Poster
in
Workshop: High-dimensional Learning Dynamics Workshop: The Emergence of Structure and Reasoning
Exploring the development of complexity over depth and time in deep neural networks
Hannah Pinson · AurĂ©lien Boland · Vincent Ginis · Mykola Pechenizkiy
Neural networks obtain their expressivity from nonlinear activation functions. It is often assumed that at each layer of a network, the input is effectively transformed in a nonlinear way. However, recent results have shown that the total function implemented by the network is close to linear in the beginning of training, and only becomes more complex over time. It is unclear how the evolution of the overall function during training can be linked to changes in the effective (non)linearity of the individual network layers. In this study, we explore this evolution over time \emph{and} depth.
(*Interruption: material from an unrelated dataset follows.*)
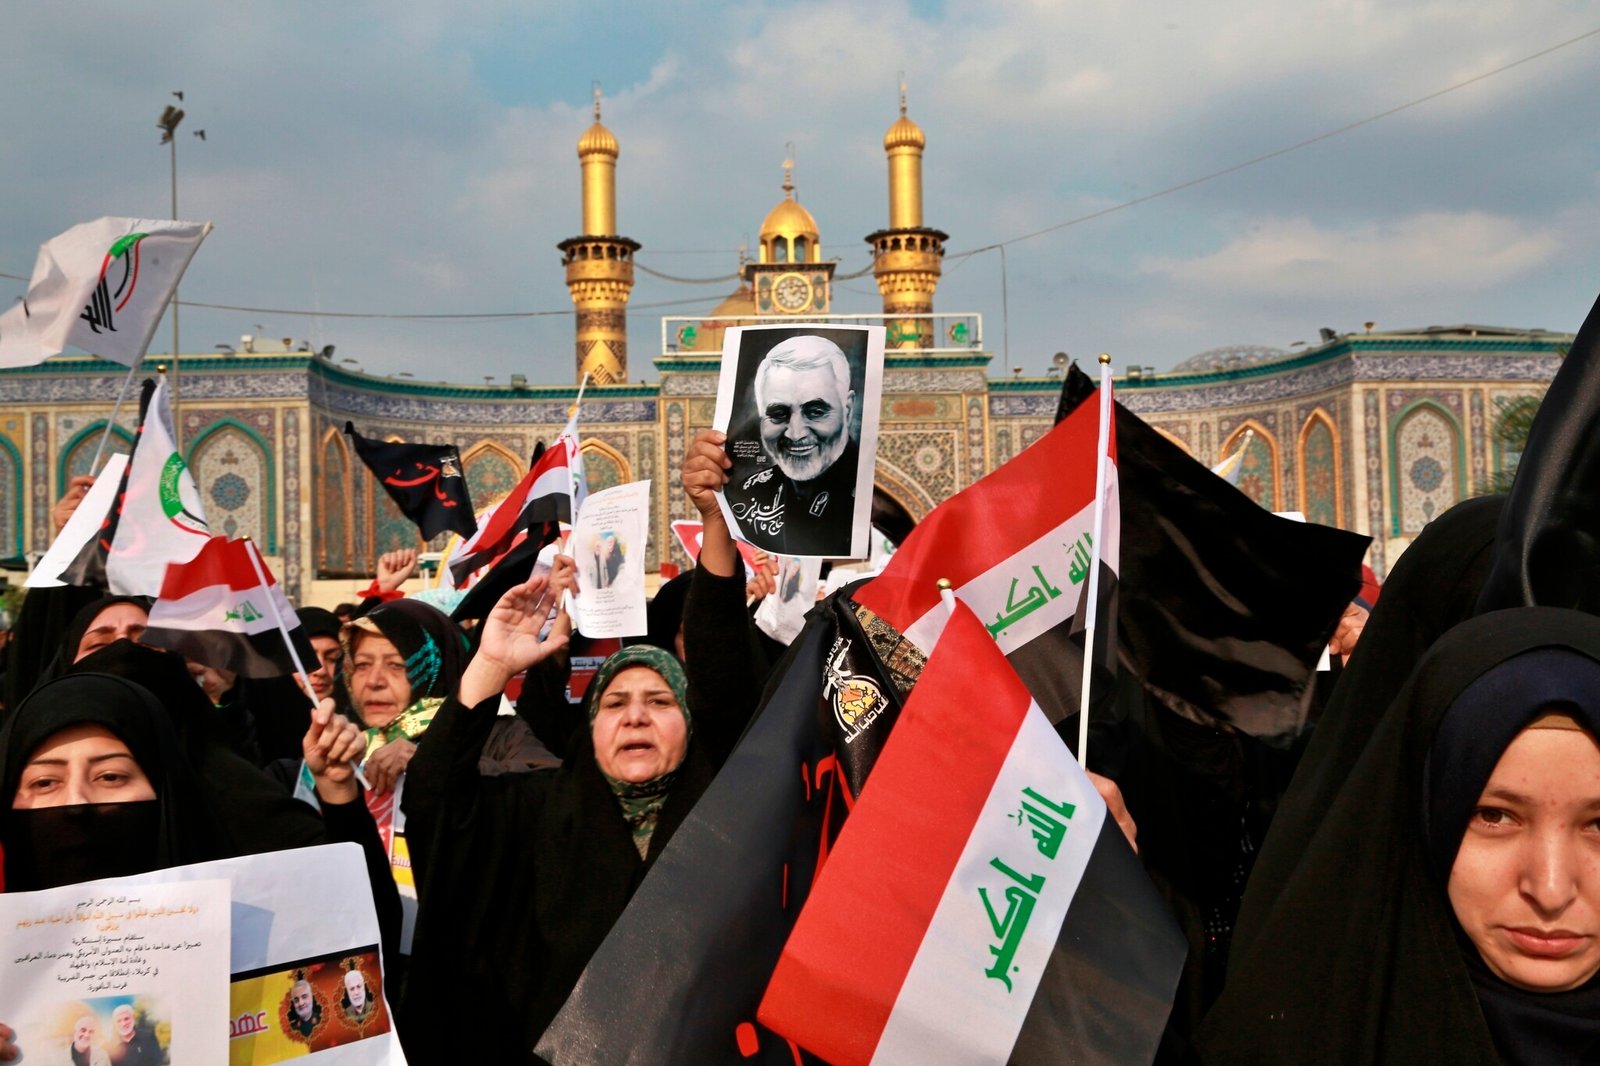 Iran threatens Tel Aviv, US bases in Middle East after killing of Soleimani: Shiite Muslims demonstrate over the US airstrike that killed Iranian Revolutionary Guard Gen. Qassem Soleimani, in the posters, in Karbala, Iraq, Jan. 4, 2020 (AP Photo/Khalid Mohammed)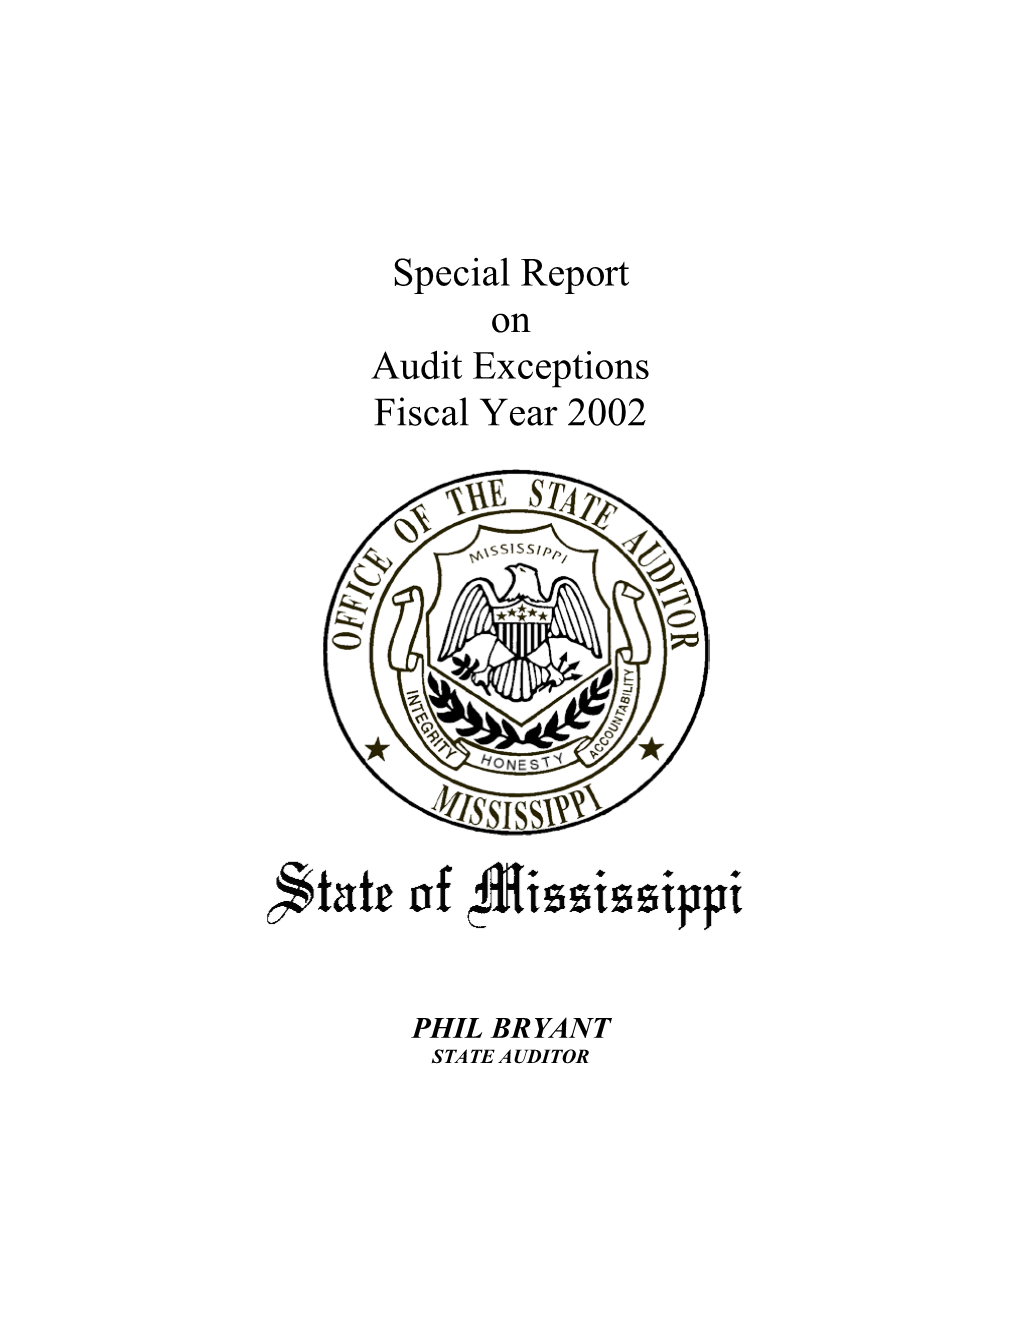 Special Report on Audit Exceptions Fiscal Year 2002

We present a straightforward way to asses the effective linearity of layers through the use of partly linear models; in the case of our 18-layer nonlinear convolutional neural network (CNN) trained on the Imagenet dataset, we find that a large part of the layers start out in the effective linear regime, and that layers become effectively nonlinear in the direction from deep to shallow layers. We also propose an alternative method to reveal this evolution in a computationally efficient way, and we extend our experimental results to the Resnet50 architecture. For the networks and dataset we consider, our findings already indicate that the effective nonlinearity of networks changes over time and depth in a distinct wave-like pattern. The simple techniques we propose could thus help to gain valuable insights in the relationship between depth, training time, and the (in)ability to process complex datasets.